## WORK TO BE COMPLETED:
In the records below, begin at the line containing "SIKU JAGUAR S" and end at the line containing "iguzzini trick radial"; quote every line in that span exactly, including both boundary lines, and no others.

## SUPPLIED INFORMATION:
= Beginning of Section =

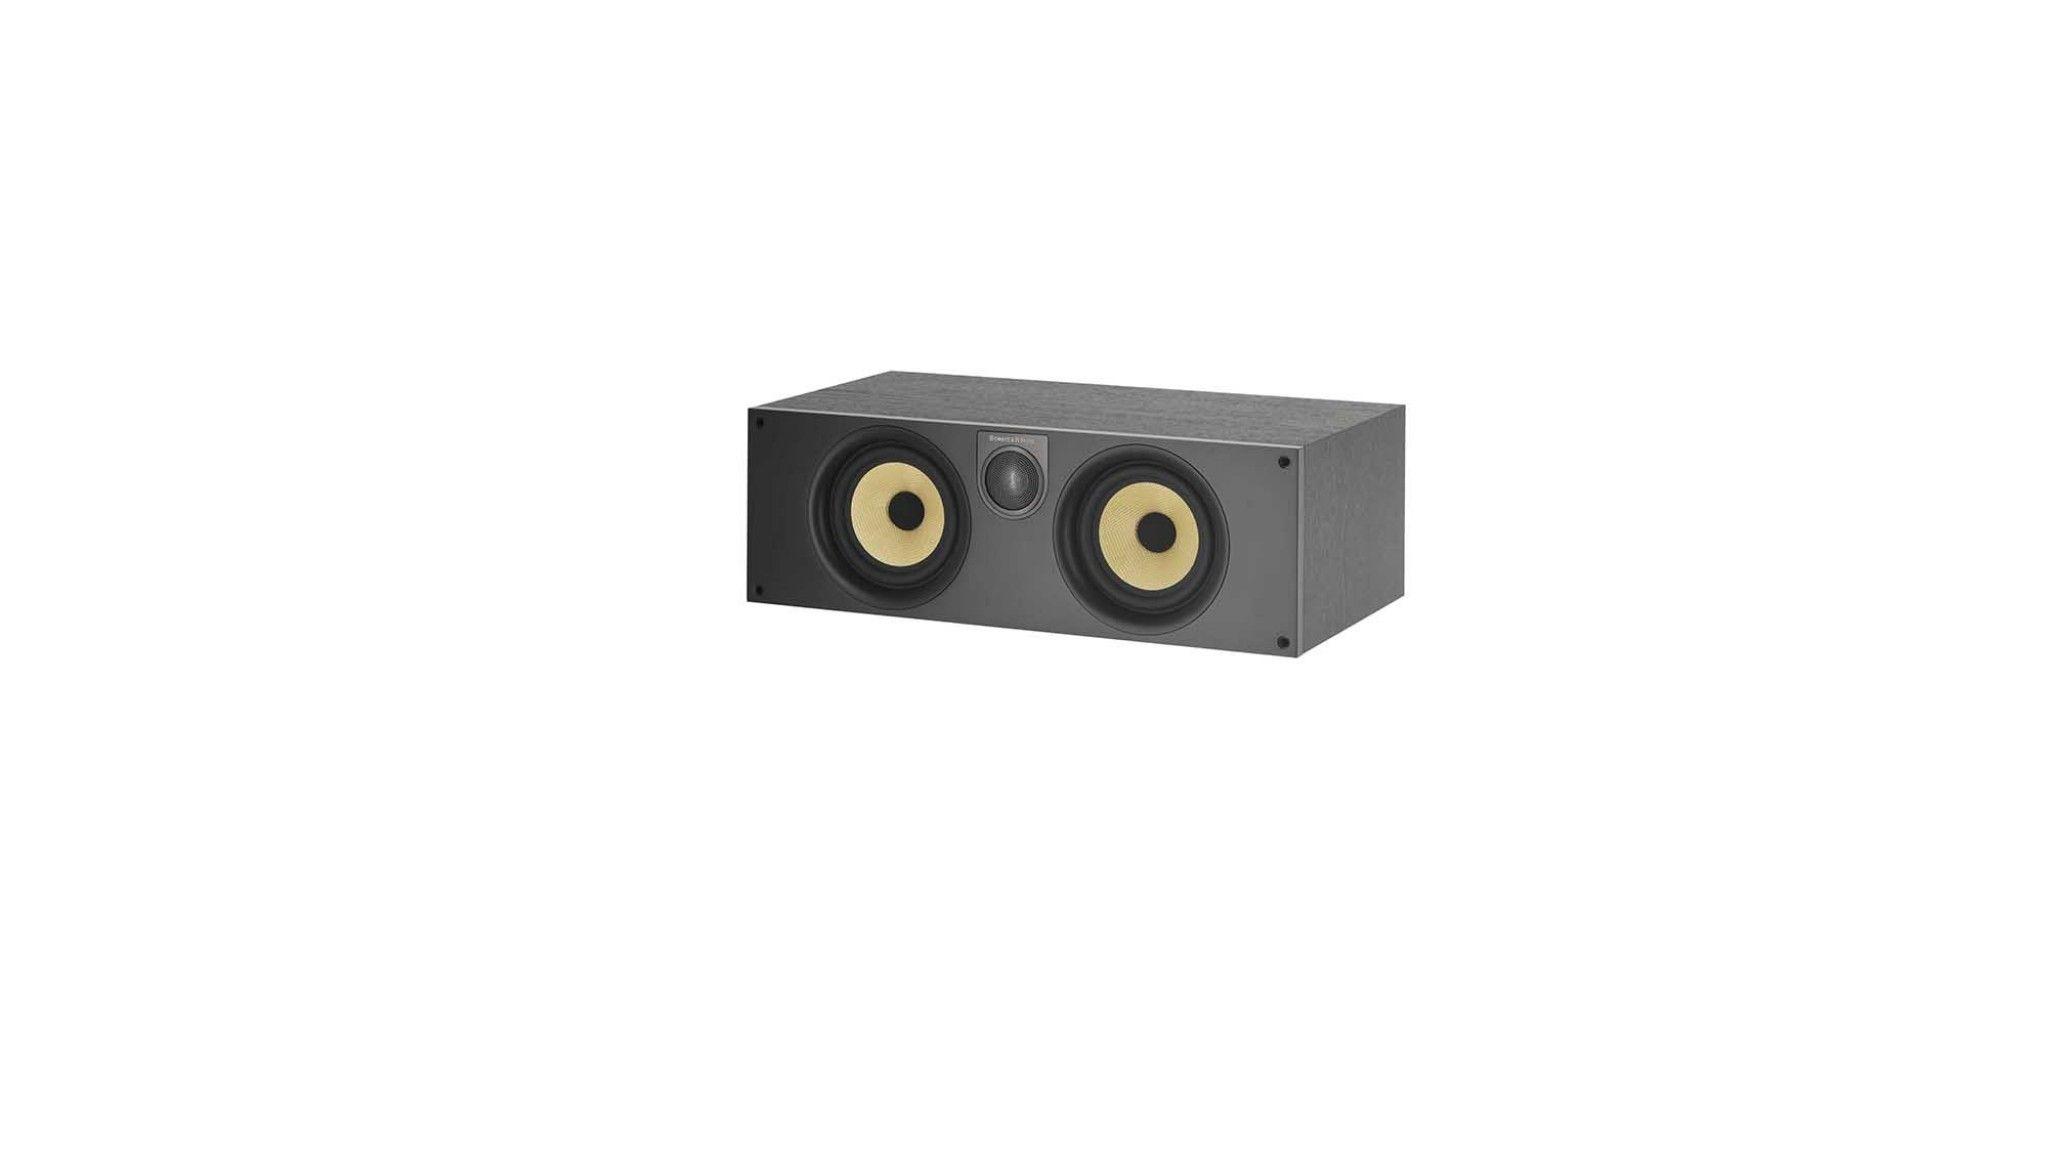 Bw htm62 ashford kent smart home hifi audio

= End of Section =
= Beginning of Section =

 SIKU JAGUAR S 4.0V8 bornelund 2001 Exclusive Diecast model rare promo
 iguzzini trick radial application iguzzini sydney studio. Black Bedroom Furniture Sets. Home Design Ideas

= End of Section =

## PROBLEM SOLUTION:
 SIKU JAGUAR S 4.0V8 bornelund 2001 Exclusive Diecast model rare promo
 iguzzini trick radial application iguzzini sydney studio. Black Bedroom Furniture Sets. Home Design Ideas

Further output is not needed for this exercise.